» **Exercise description**
Please give back the listing exactly, without any of its pictures.

» **Supplied material**
[Start of section]

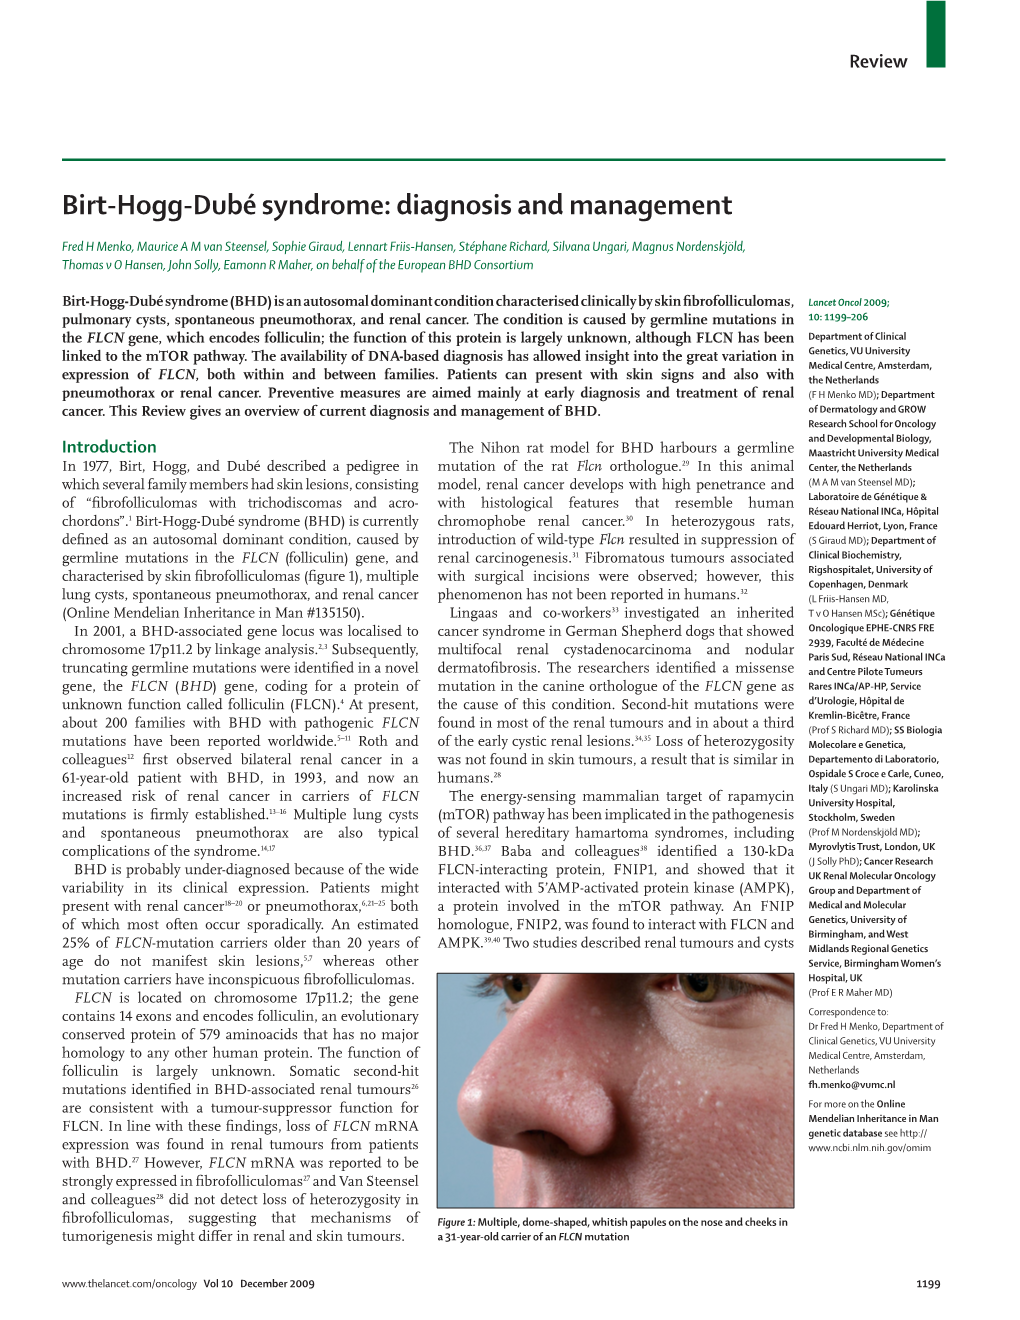 Diagnosis and Management
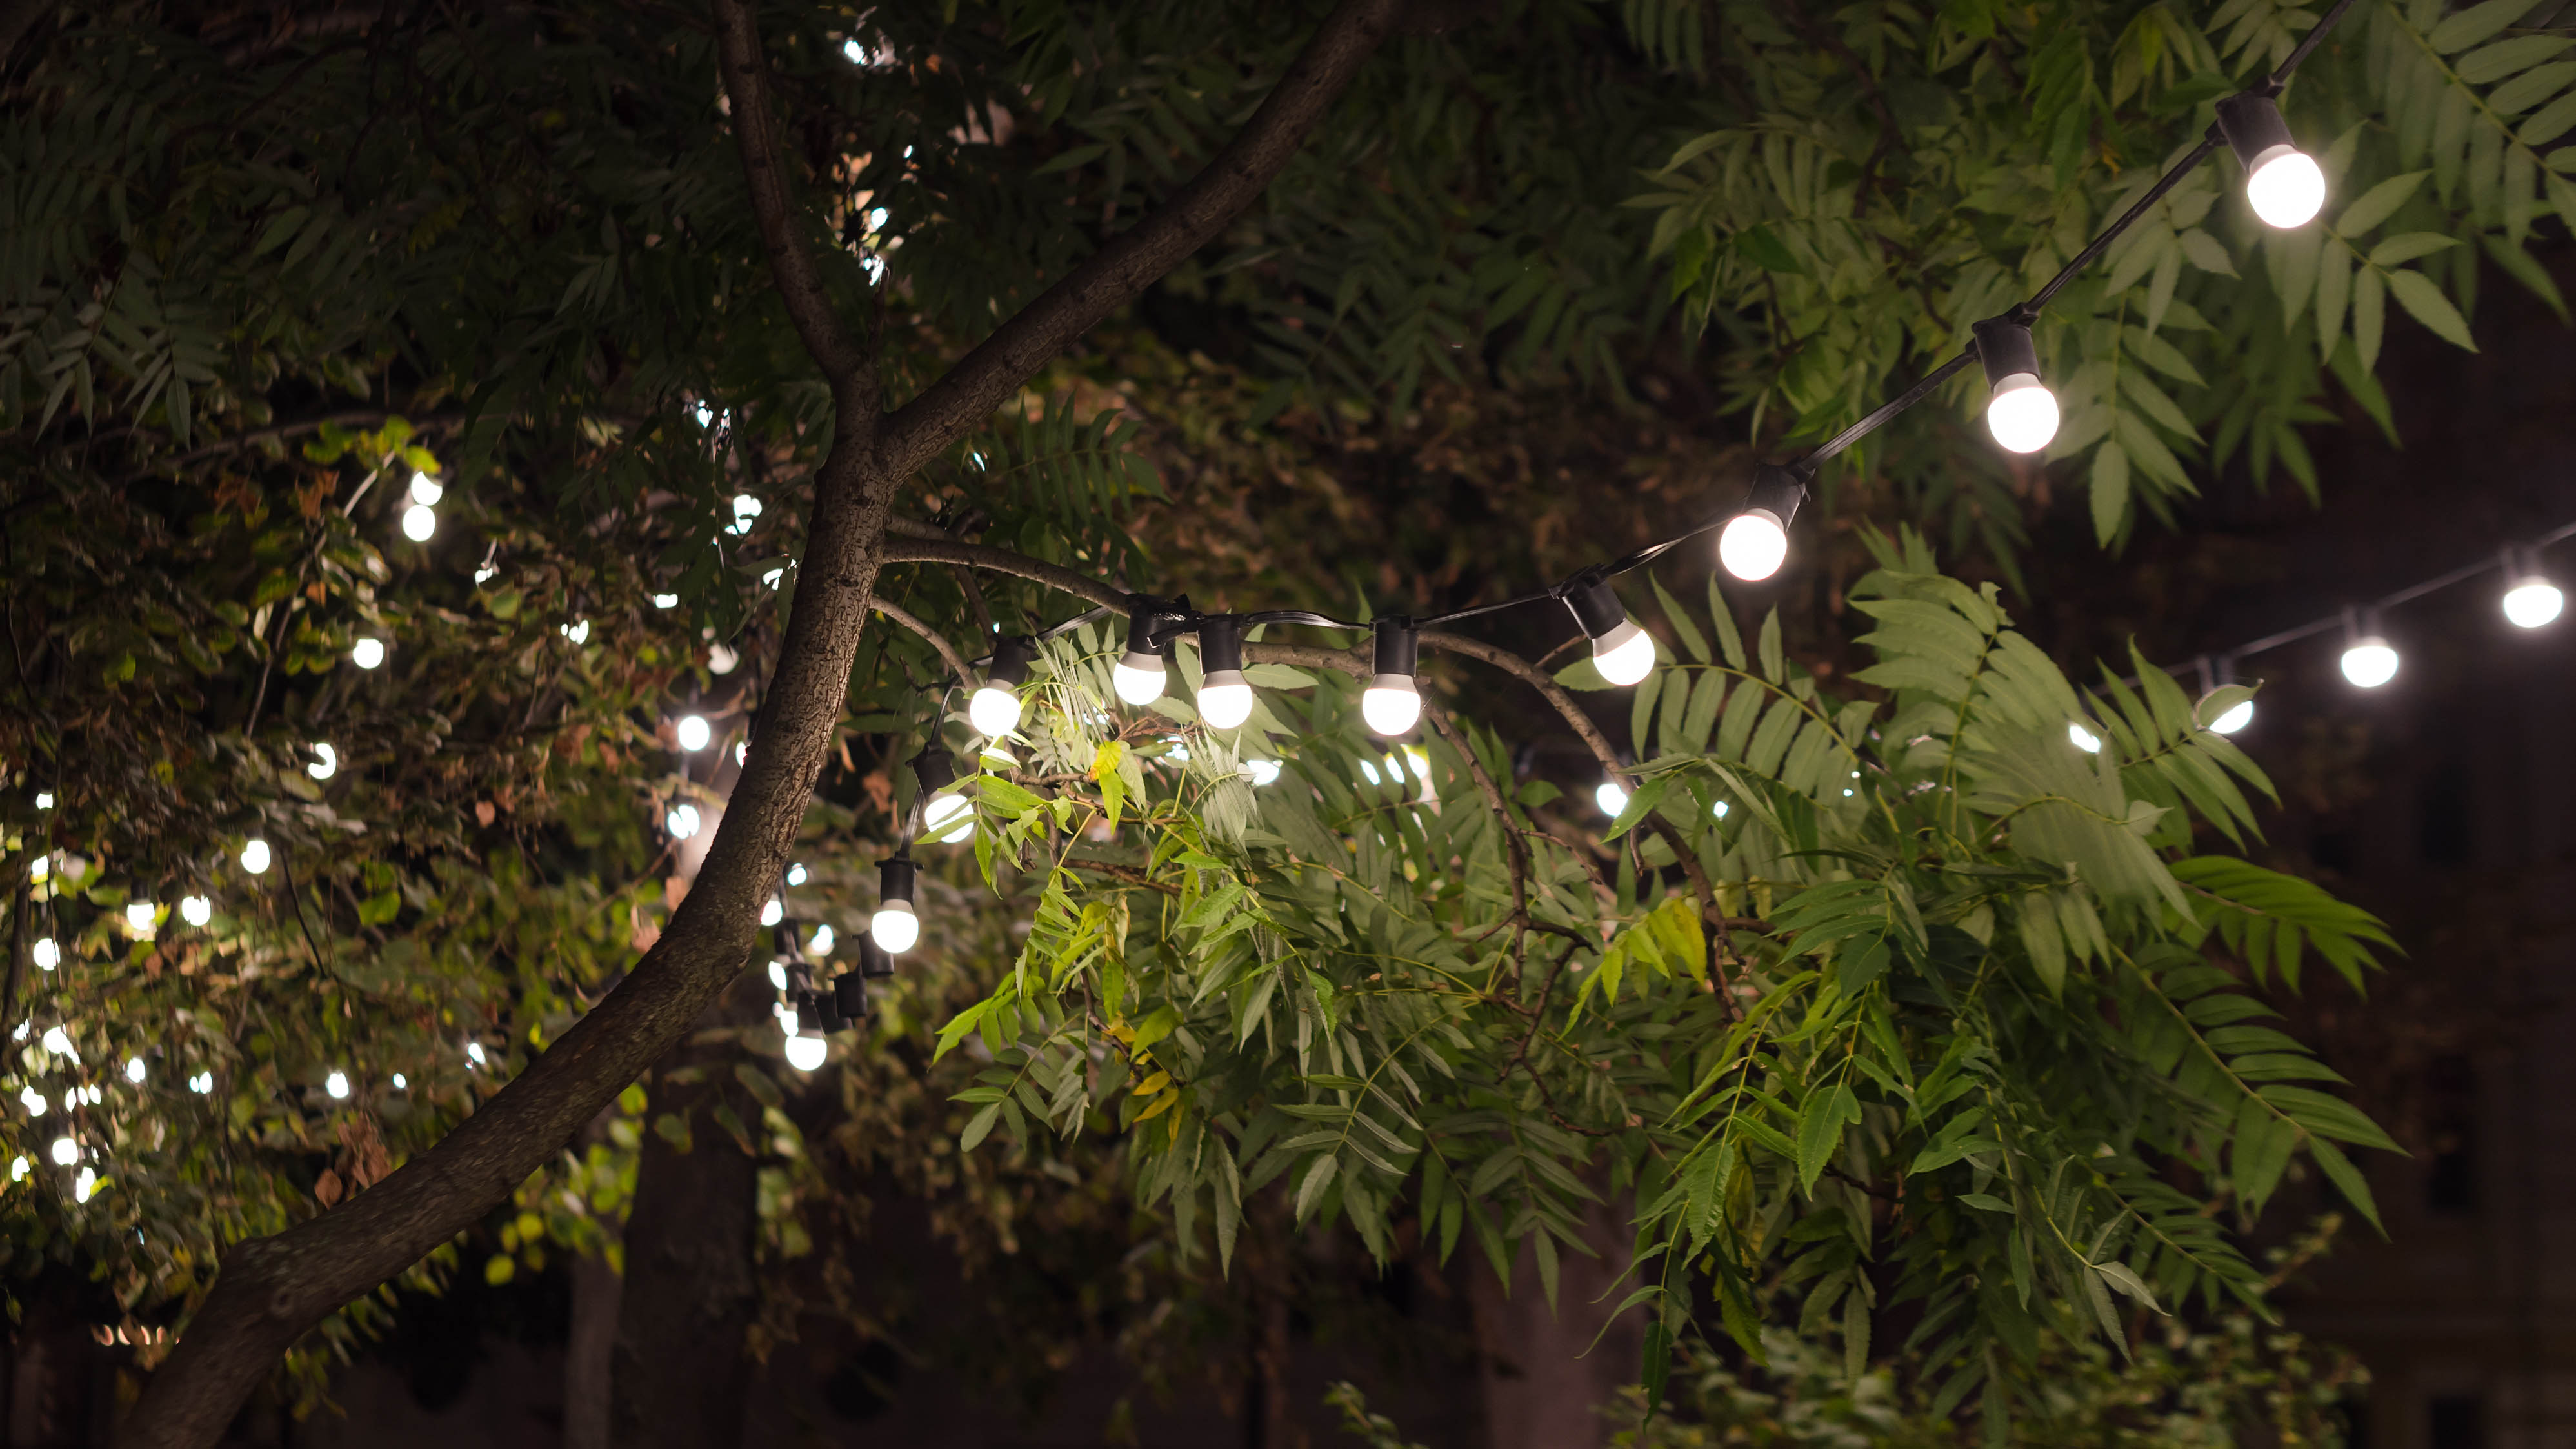 How to best place solar lights: Solar string lights
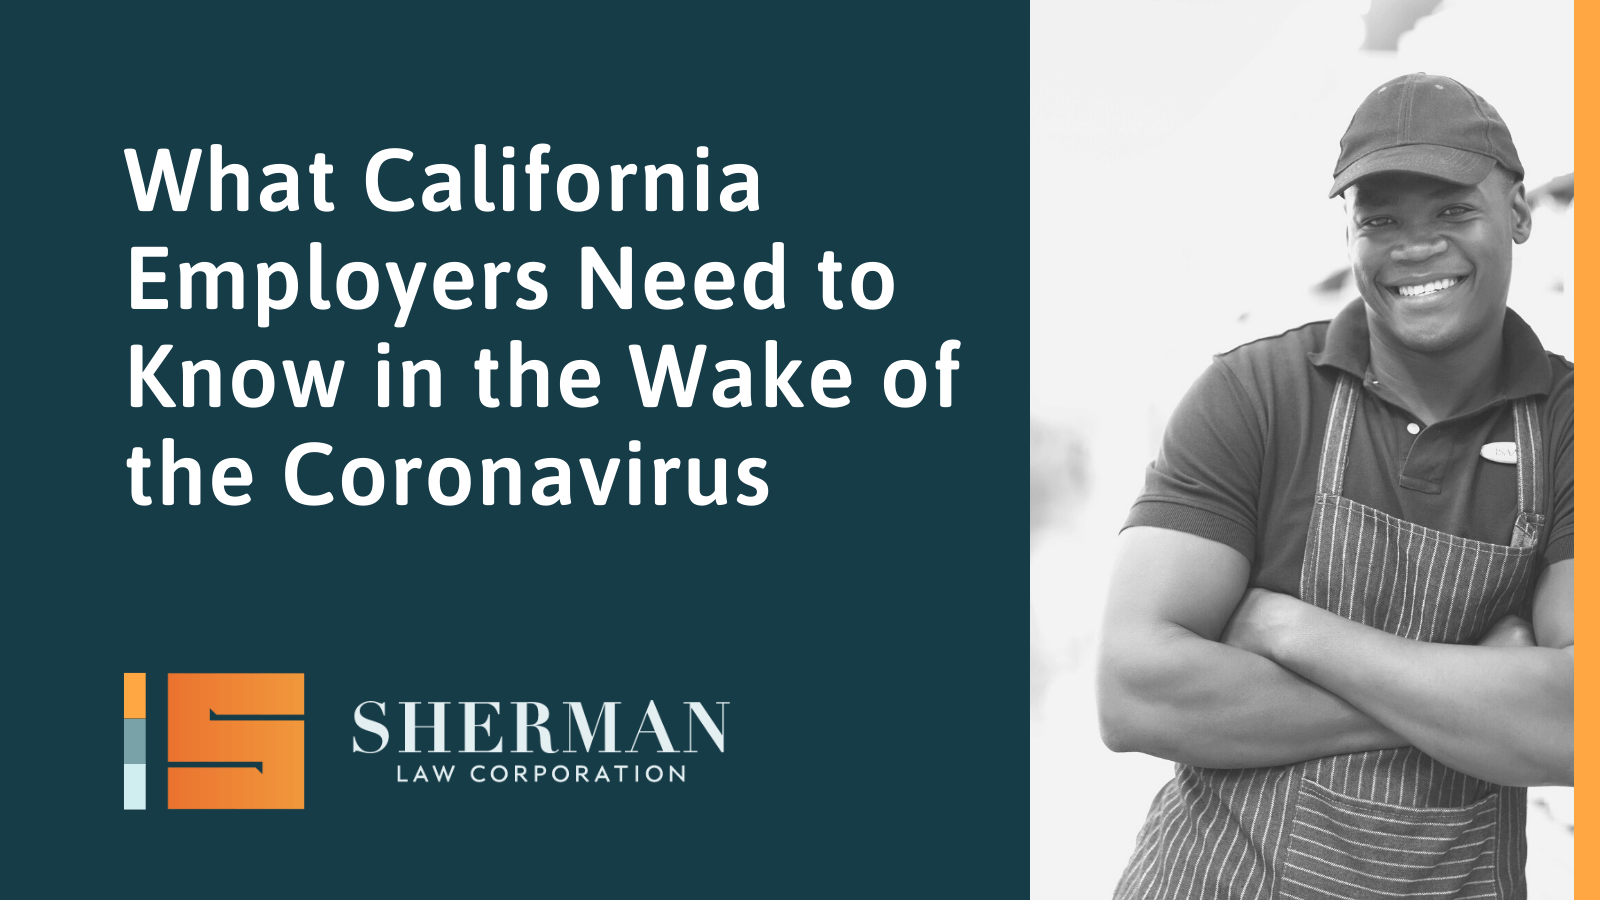 What California Employers Need to Know in the Wake of the Coronavirus - lisa sherman law firm - california
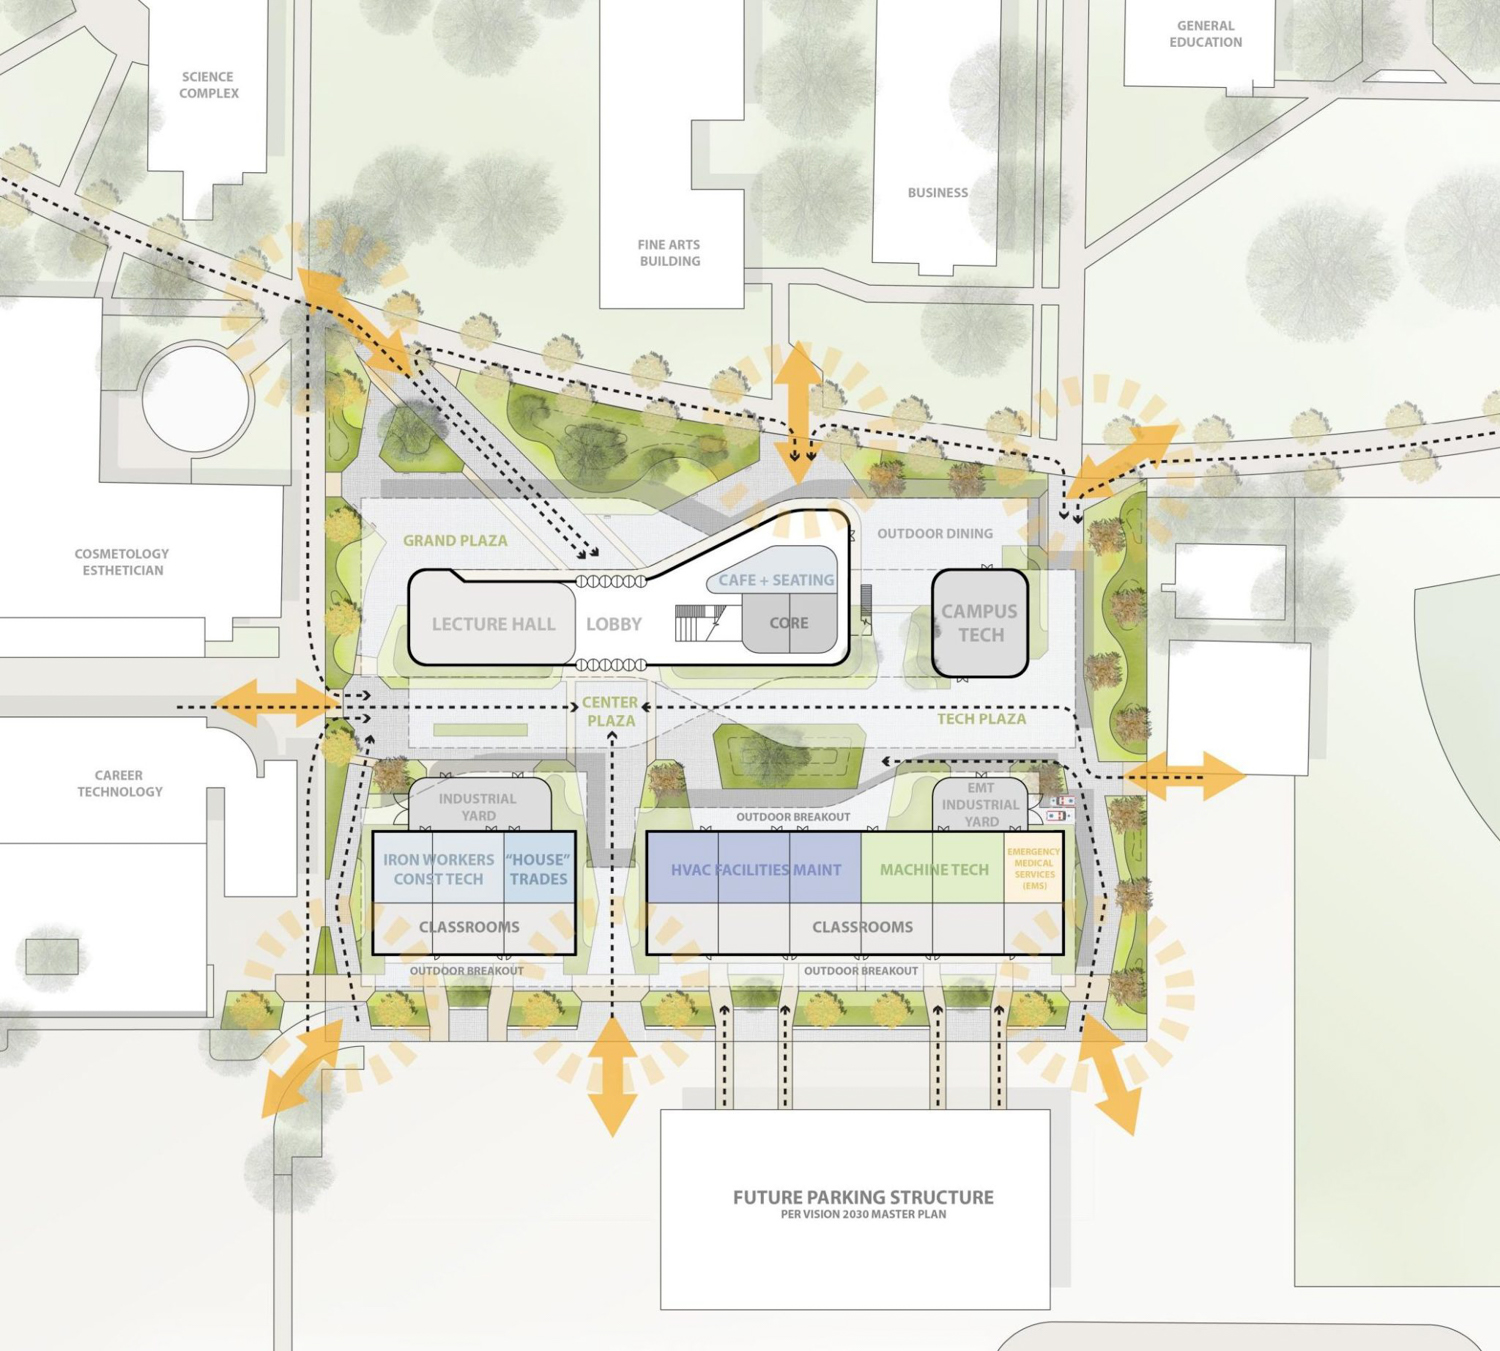 San Jose City College Career Education Complex site map, illustration by Steinberg Hart

[End of section]

» **Completed exercise**
 Diagnosis and Management
 How to best place solar lights: Solar string lights
 What California Employers Need to Know in the Wake of the Coronavirus - lisa sherman law firm - california
 San Jose City College Career Education Complex site map, illustration by Steinberg Hart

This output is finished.